A sub-system on the board will be a microcontroller (MCU). It will be connected to a PC by a UART and have an I2C EEPROM on it as well. The idea is that this MCU subsystem will be a bootloader of sorts. From the PC you can upload code and also store it in NVM. The MCU would be connected up to all of the bus signals, but only as inputs while in a passive state to let the Z80 run.

According to the Z80 handbook, an MCU can gain control of the bus with the /BUSRQ signal.

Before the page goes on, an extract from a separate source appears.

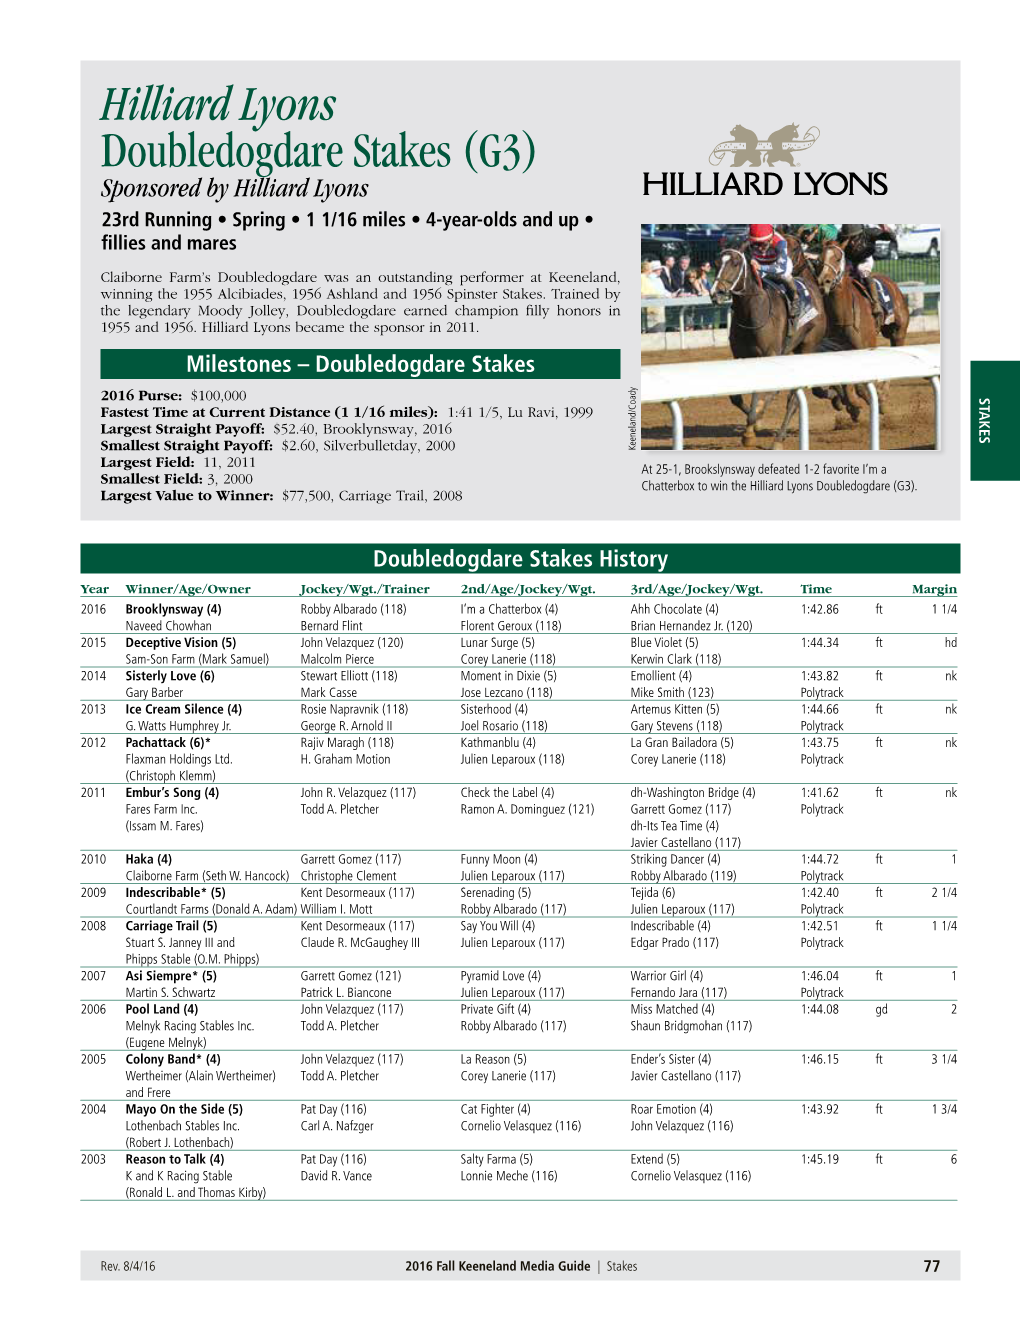 Hilliard Lyons Doubledogdare Stakes (G3) Sponsored by Hilliard Lyons 23Rd Running • Spring • 1 1/16 Miles • 4-Year-Olds and up • Fillies and Mares

During that time, according to how I read the datasheets, the MCU can drive the address bus, data bus and bus control signals /MREQ, /IORQ, /RD and /WR.

So an MCU could pull an image out of the I2C EEPROM and load it into the SRAM. However, this might be awkward for the Z80 when the MCU releases /BUSRQ to let it have the bus: it will have to come out of a reset condition instead, to boot from the software image properly.

So Plan B would be to hold the Z80 in reset and do the software load. Is it known that all of the Z80 bus control pins are tri-stated during a reset condition?

Are there known issues with working the bus while a Z80 is held in reset, versus by /BUSRQ?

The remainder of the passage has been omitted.